[Given records]
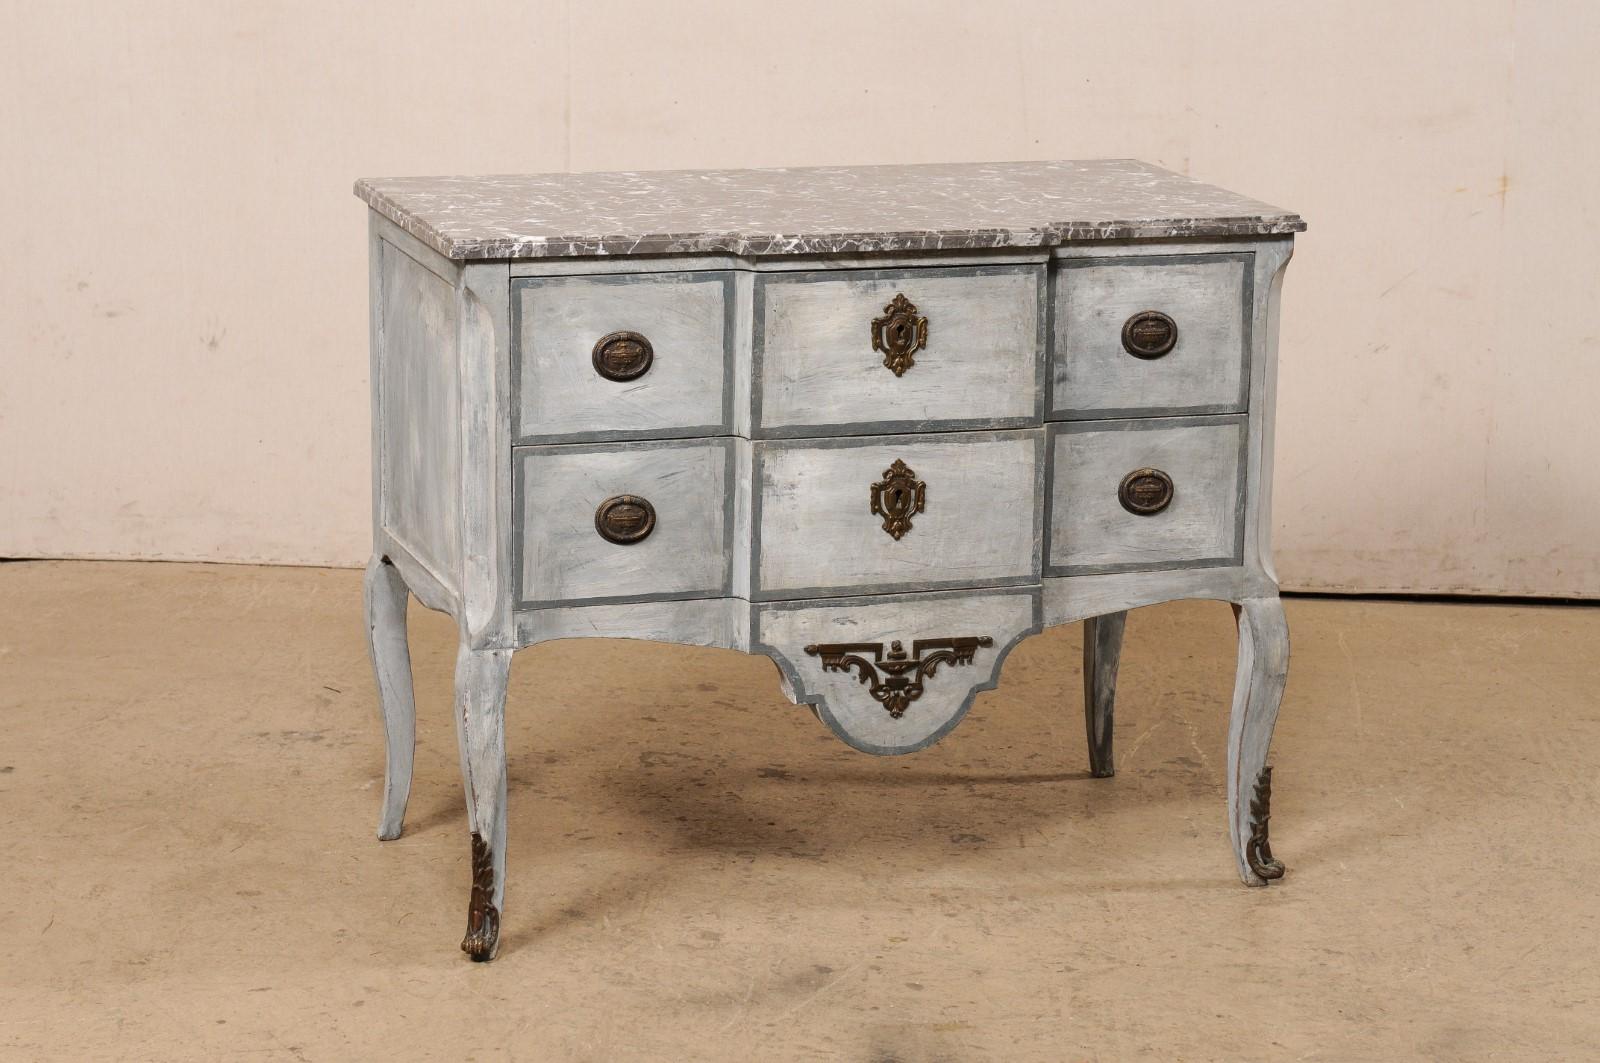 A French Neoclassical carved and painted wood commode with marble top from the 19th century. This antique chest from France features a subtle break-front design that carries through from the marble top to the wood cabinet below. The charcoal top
[/Given records]
[Given records]
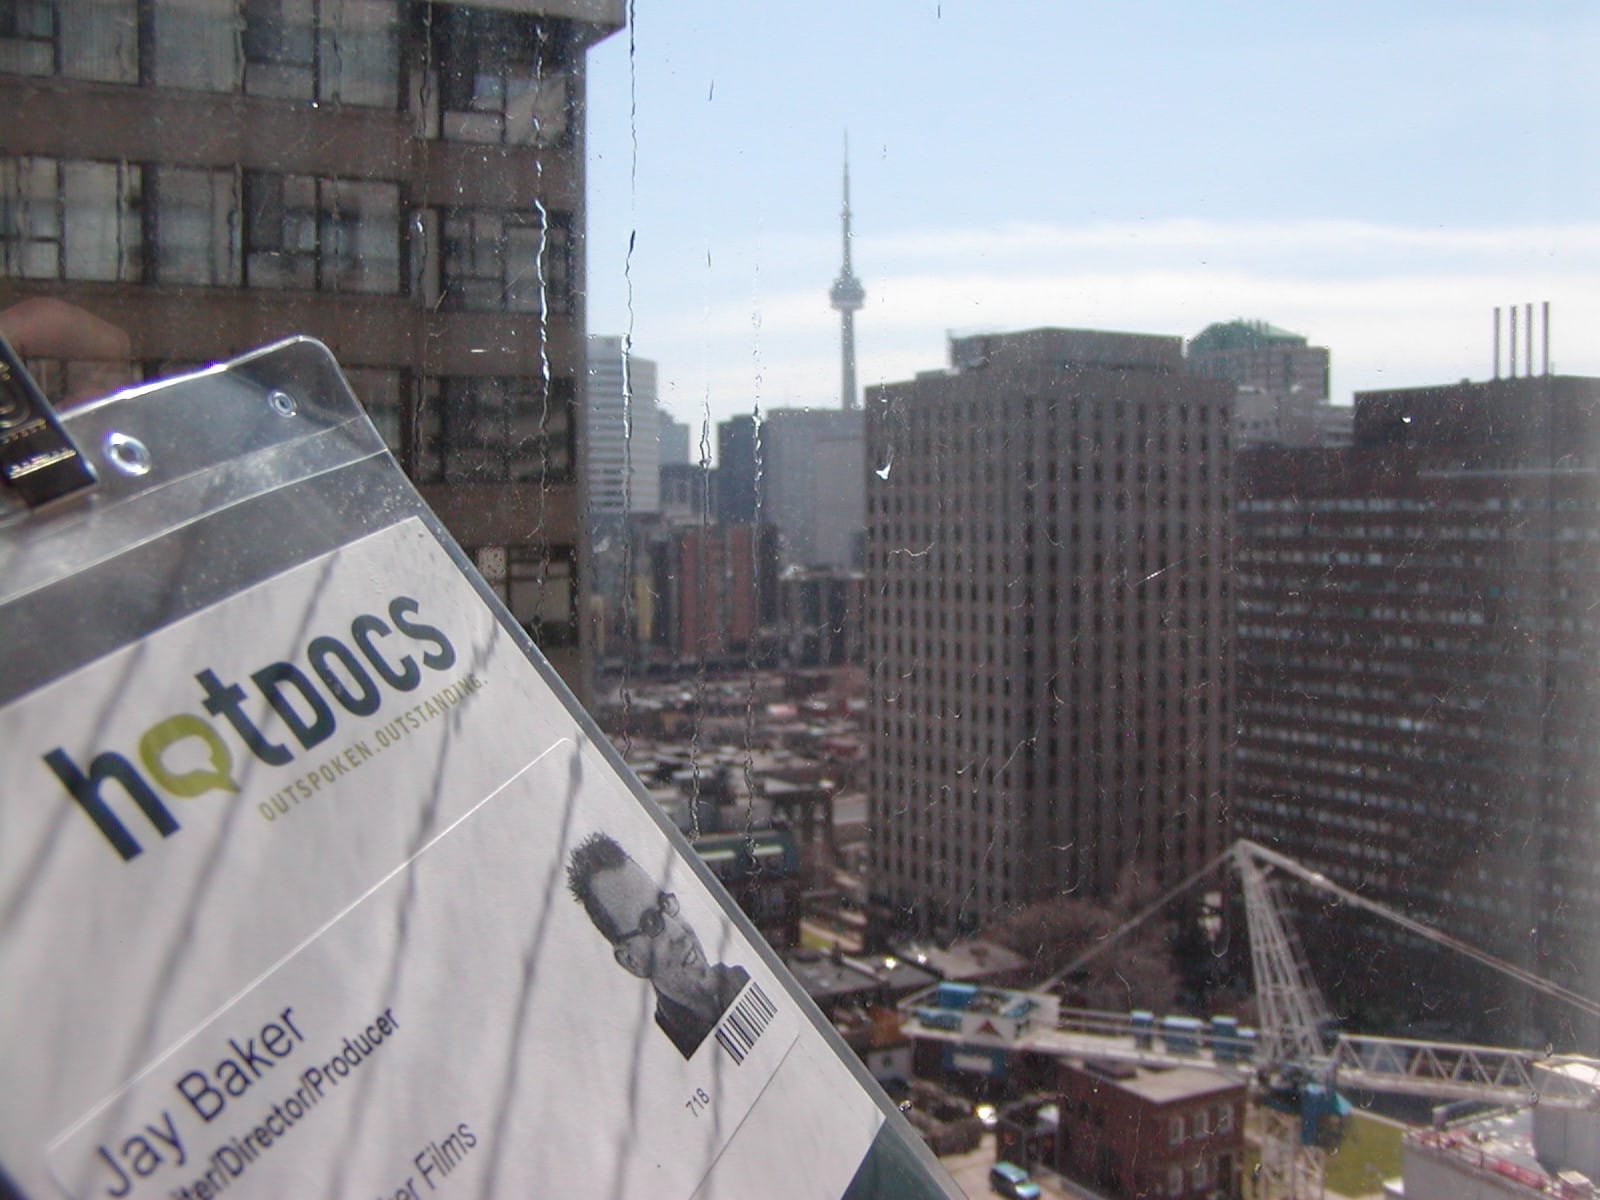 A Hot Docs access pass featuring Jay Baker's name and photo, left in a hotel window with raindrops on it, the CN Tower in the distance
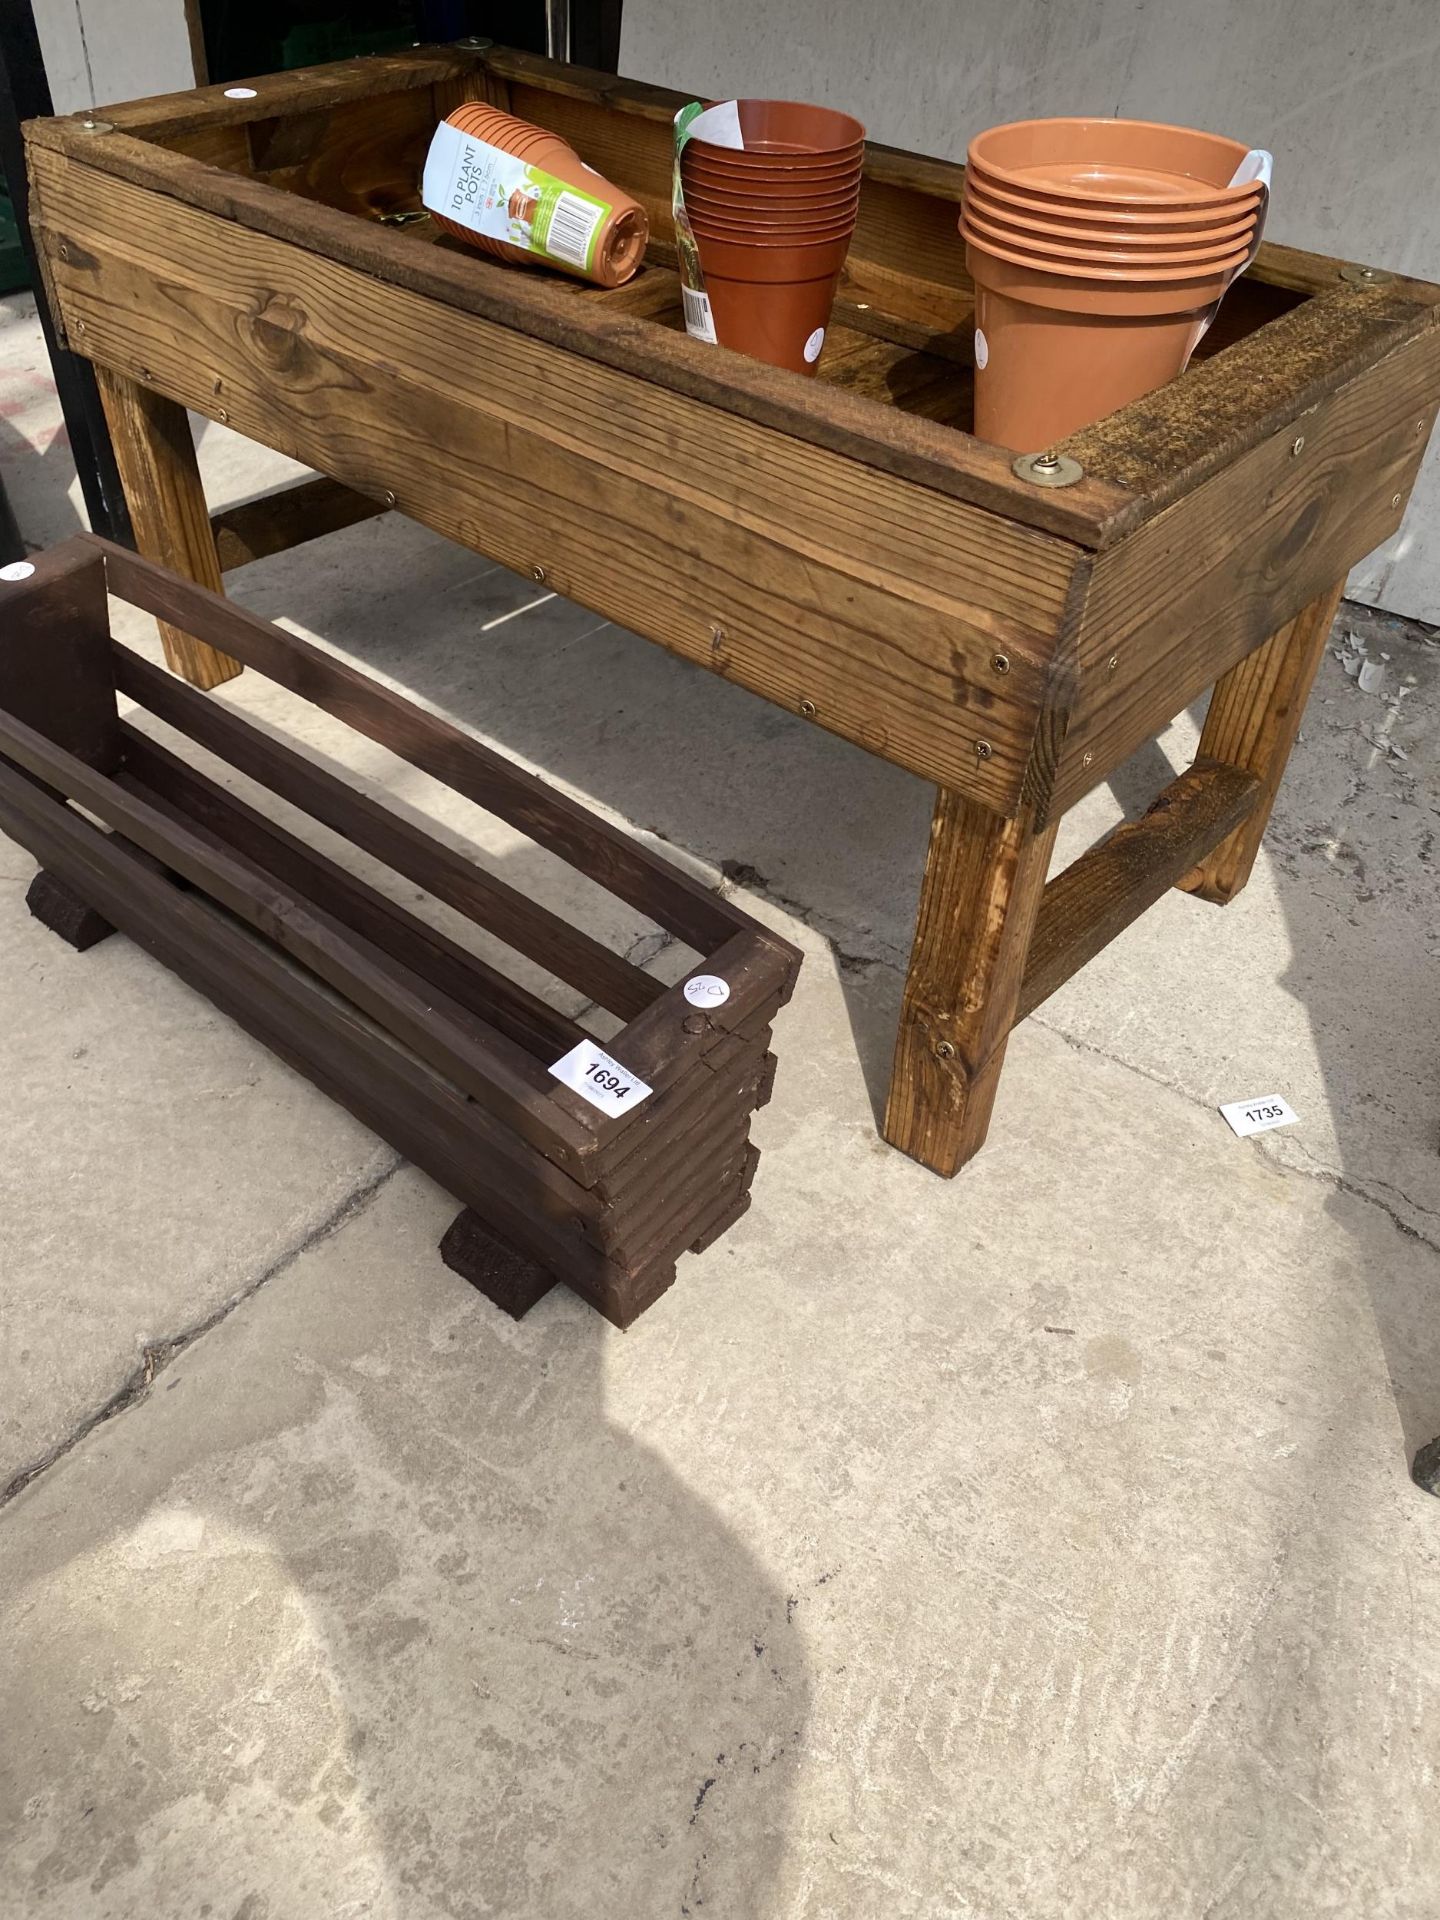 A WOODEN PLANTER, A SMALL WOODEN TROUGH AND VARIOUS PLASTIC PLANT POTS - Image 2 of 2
[/Given records]
[Given records]
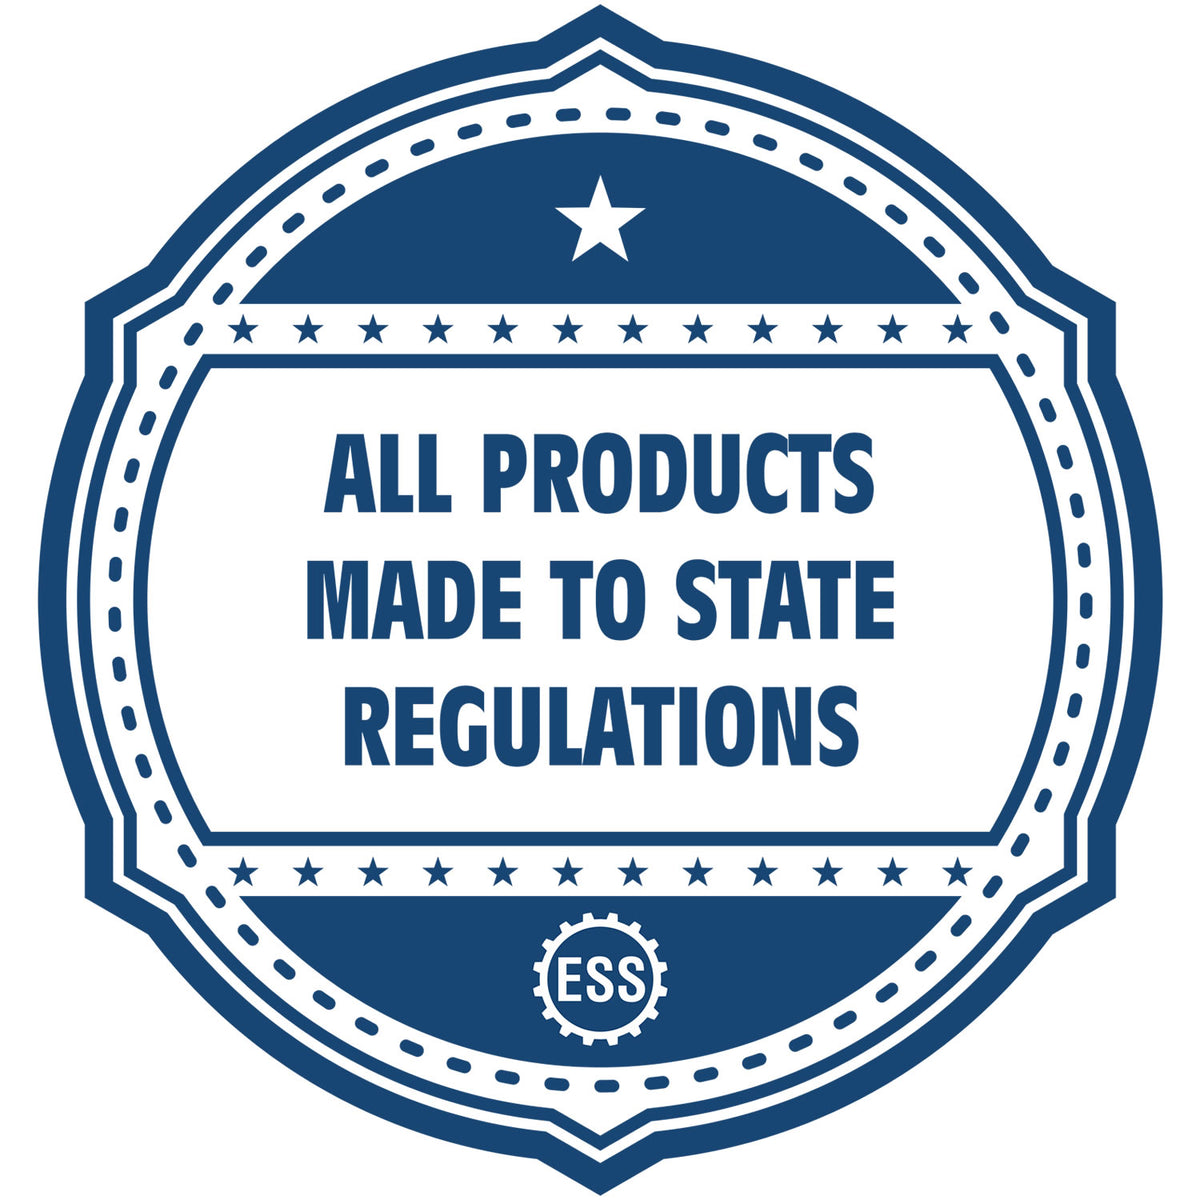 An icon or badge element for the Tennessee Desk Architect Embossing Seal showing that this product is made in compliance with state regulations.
[/Given records]
• Directions for this task:
Repeat exactly the stretch of the listing above that starts with the line holding "A Hot Docs access" and finishes with the line holding "A WOODEN PLANTER, A", both included. Skip every picture.

• Output for this task:
 A Hot Docs access pass featuring Jay Baker's name and photo, left in a hotel window with raindrops on it, the CN Tower in the distance
 A WOODEN PLANTER, A SMALL WOODEN TROUGH AND VARIOUS PLASTIC PLANT POTS - Image 2 of 2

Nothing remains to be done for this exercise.